Results are in outputs/example_com_<timestamp>/:

• dnsrecon.txt, subdomains_subfinder.txt, live_hosts_httpx.txt, shodan_results.json, ports_naabu.txt, vulnerabilities_network_nuclei.txt, cms_vulns.txt, wp_vulns_wpscan.txt, urls_combined.txt, login_portals.txt, sqlmap_vulns.txt, zap_spider.json, openvas_scan.json, xss_dalfox.txt, open_redirects.txt, js_endpoints_katana.txt, secrets_trufflehog_github_<domain>.json, summary_report_<timestamp>.json.

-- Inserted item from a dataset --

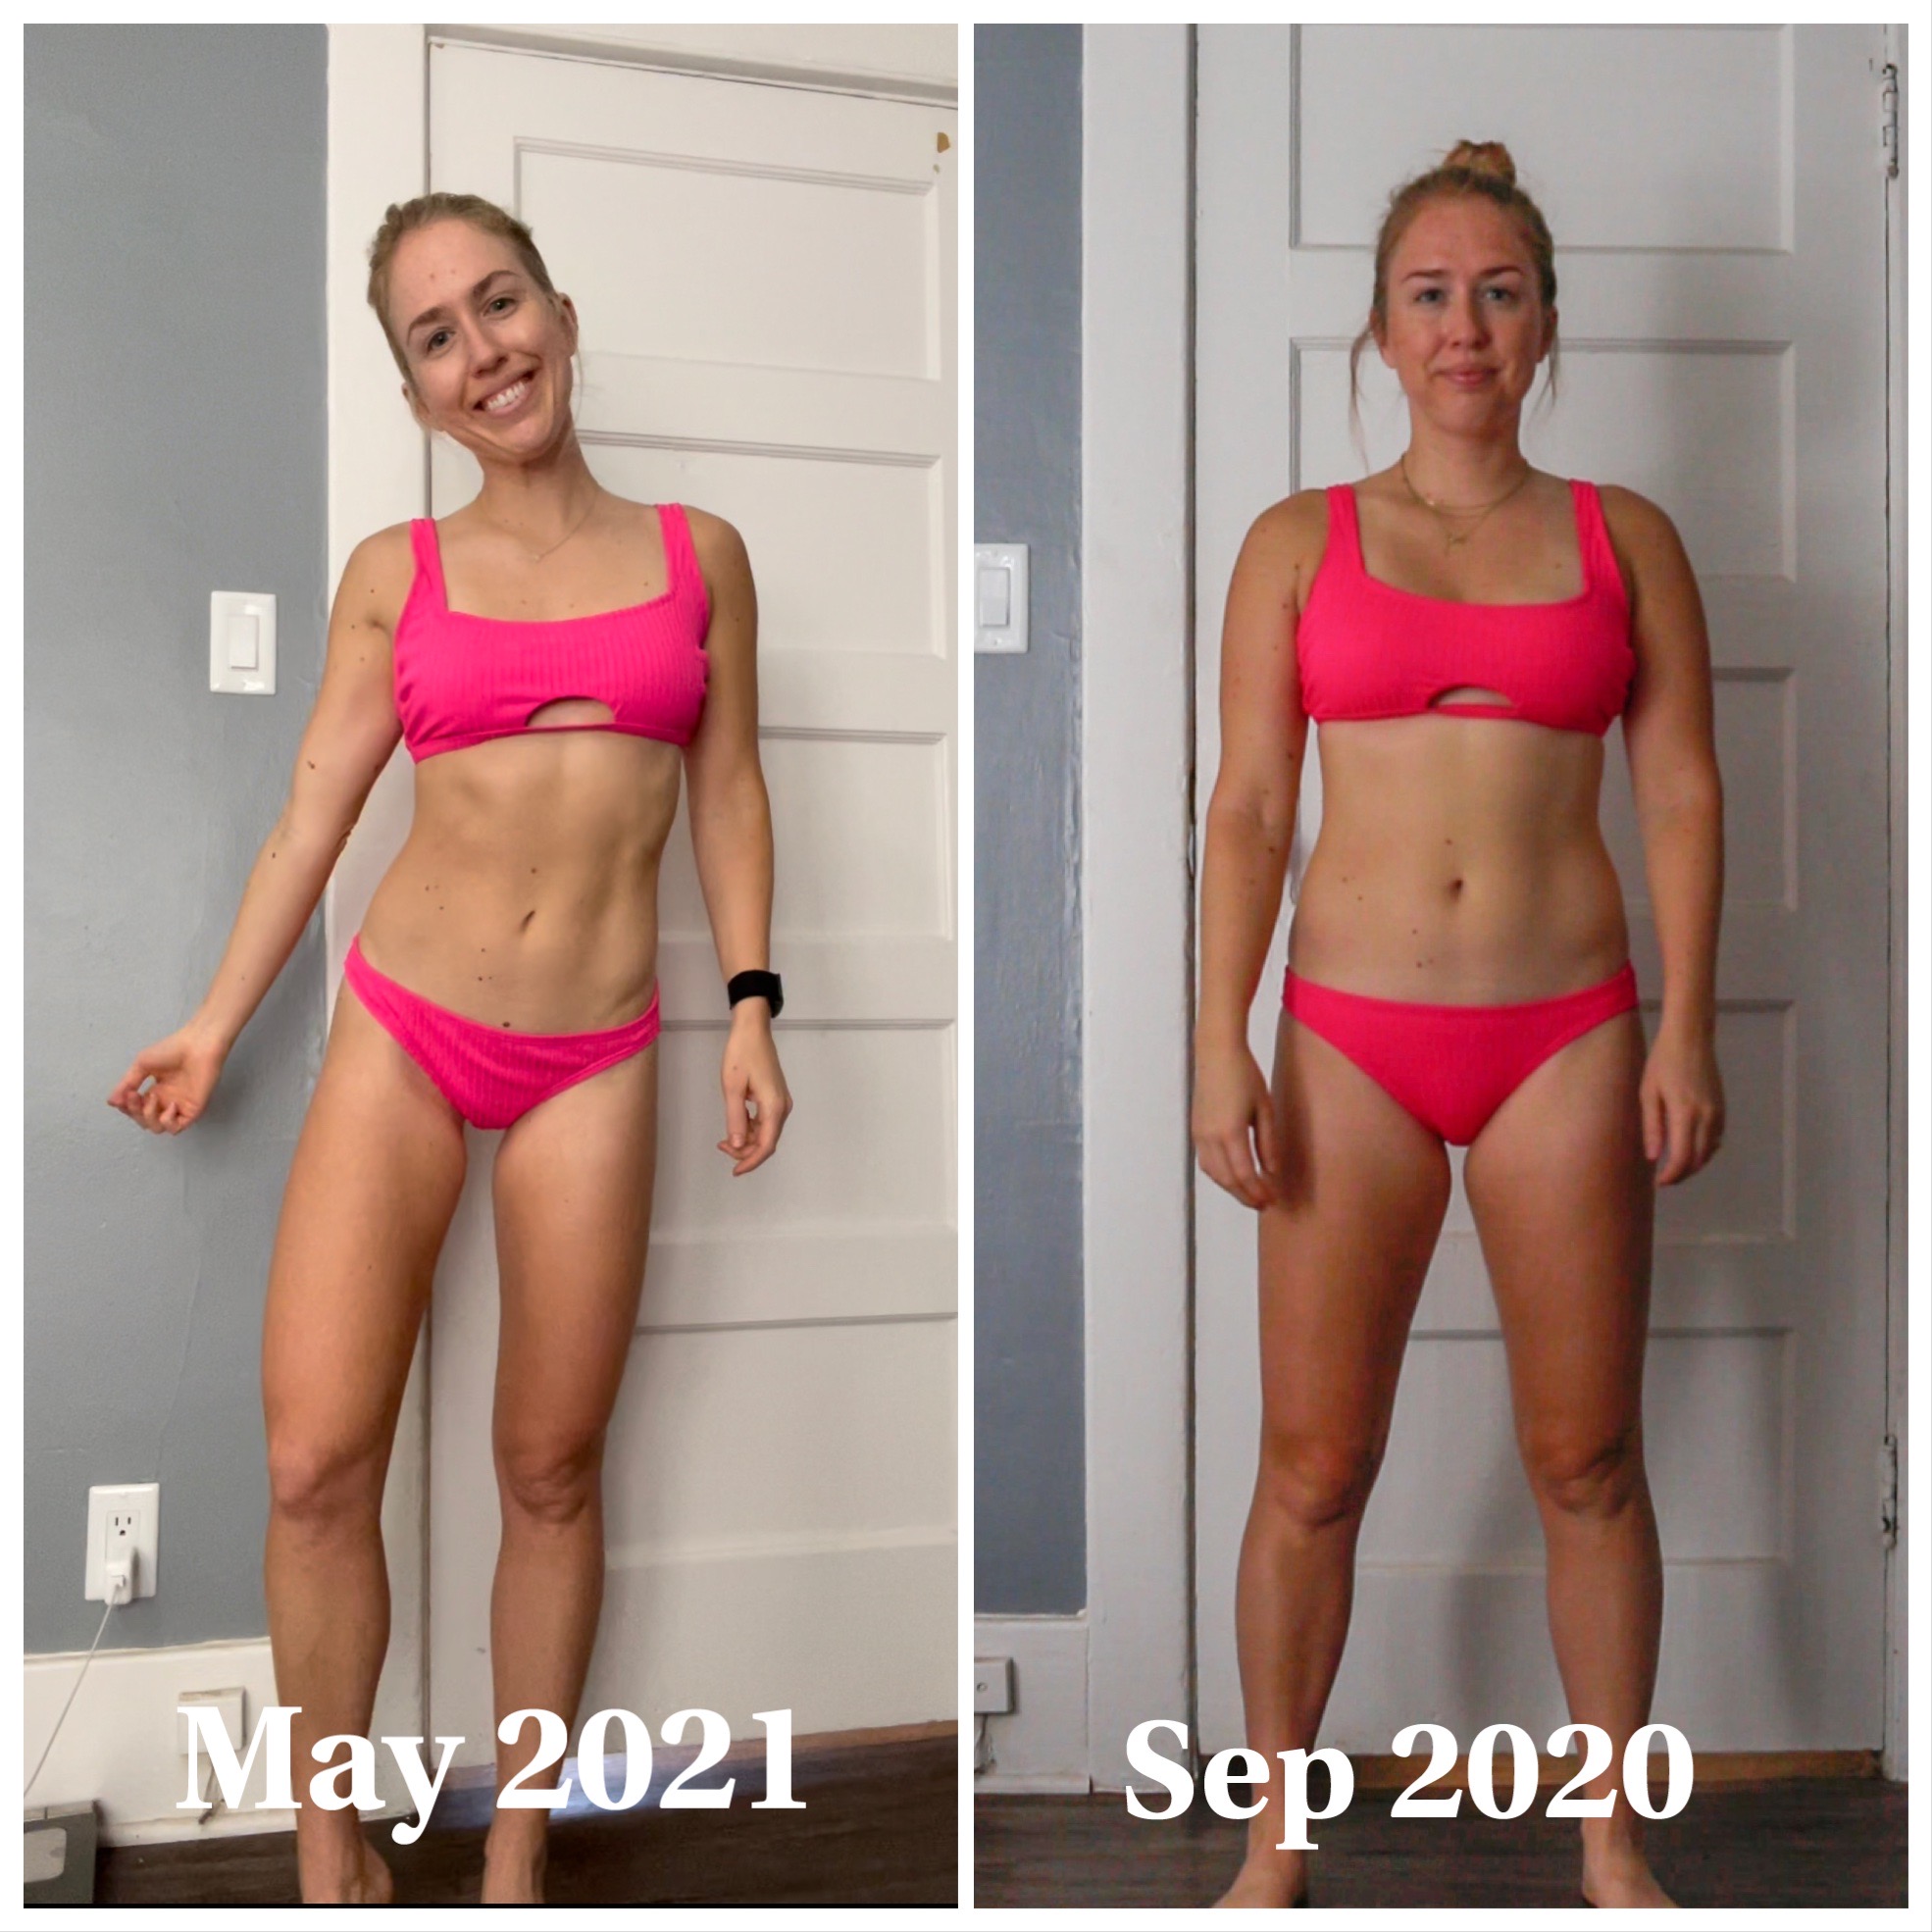 Vegan weight loss before and after

Example Summary Report (summary_report_<timestamp>.json)

{
  "dns": {
    "file": "outputs/example_com_20250524_230200/dnsrecon.txt",
    "count": 10,
    "sample": ["A example.com 93.94.226.100", "MX example.com mail.example.com"]
  },
  "subdomains_subfinder": {
    "file": "outputs/example_com_20250524_230200/subdomains_subfinder.txt",
    "count": 50,
    "sample": ["www.example.com", "app.example.com"]
  },
  "shodan": {
    "file": "outputs/example_com_20250524_230200/shodan_results.json",
    "count": 3,
    "sample": ["ip_str: 93.94.226.100", "ip_str: 93.94.226.101"]
  },
  "cms": {
    "file": "outputs/example_com_20250524_230200/cms_vulns.txt",
    "count": 2,
    "sample": ["https://blog.example.com/wp-admin/"]
  },
  "openvas_scan": {
    "file": "outputs/example_com_20250524_230200/openvas_scan.json",
    "task_id": "123e4567-e89b-12d3-a456-426614174000"
  },
  "vulnerabilities_network": {
    "file": "outputs/example_com_20250524_230200/vulnerabilities_network_nuclei.txt",
    "count": 5,
    "sample": ["[high] CVE-2023-1234 detected"]
  }
}

Troubleshooting

• SyntaxError in recon.py:

  • Check recon.py for unclosed braces (e.g., state[task_name] = {"completed":).
  • Open recon.py and fix lines around 1527, ensuring dictionaries are closed:

    state[task_name] = {"completed": False, "output": None, "error": "Error message"}

  • Test:

    python -c "import malphas.recon"

• ModuleNotFoundError: No module named 'malphas' or ImportError:

  • Ensure you are in the malphas directory: cd malphas.
  • Verify __init__.py exists: ls malphas/__init__.py.
  • Activate the virtual environment: source venv/bin/activate.
  • Set PYTHONPATH if needed: export PYTHONPATH=$PYTHONPATH:$PWD.
  • Alternatively, run: python main.py example.com --config config.ini after modifying main.py to use absolute imports.
  • Check installed dependencies: pip list | grep -E 'python-gvm|shodan'.
  • Install as a package:

    echo "from setuptools import setup, find_packages\nsetup(name='malphas', version='0.1', packages=find_packages(), install_requires=['python-gvm==24.3.0', 'shodan==1.31.0'])" > setup.py
    pip install -e .

• FileNotFoundError:

Check output directory permissions:

chmod -R u+rw outputs

• Scan Hangs:

Use verbose logging:

python -m malphas.main example.com --verbose

Skip slow phases:

python -m malphas.main example.com --skip-subdomain-enum

• Tool Not Found:

Verify paths:

which dnsrecon
which subfinder
which httpx

• OWASP ZAP Errors:

Start ZAP manually:

zap.sh -daemon -port 8080 -config view.disable=true -config api.key=your_zap_api_key_here

• OpenVAS/GVM Errors:

Check setup:

sudo gvm-check-setup
sudo gvm-start

• Shodan Errors:

Check API key:

shodan init your_shodan_api_key_here
shodan info

License

GNU Affero General Public License v3.0. See LICENSE file.

Disclaimer

Use Malphas only for authorized security testing. Obtain explicit permission from target system owners. Unauthorized use may violate laws.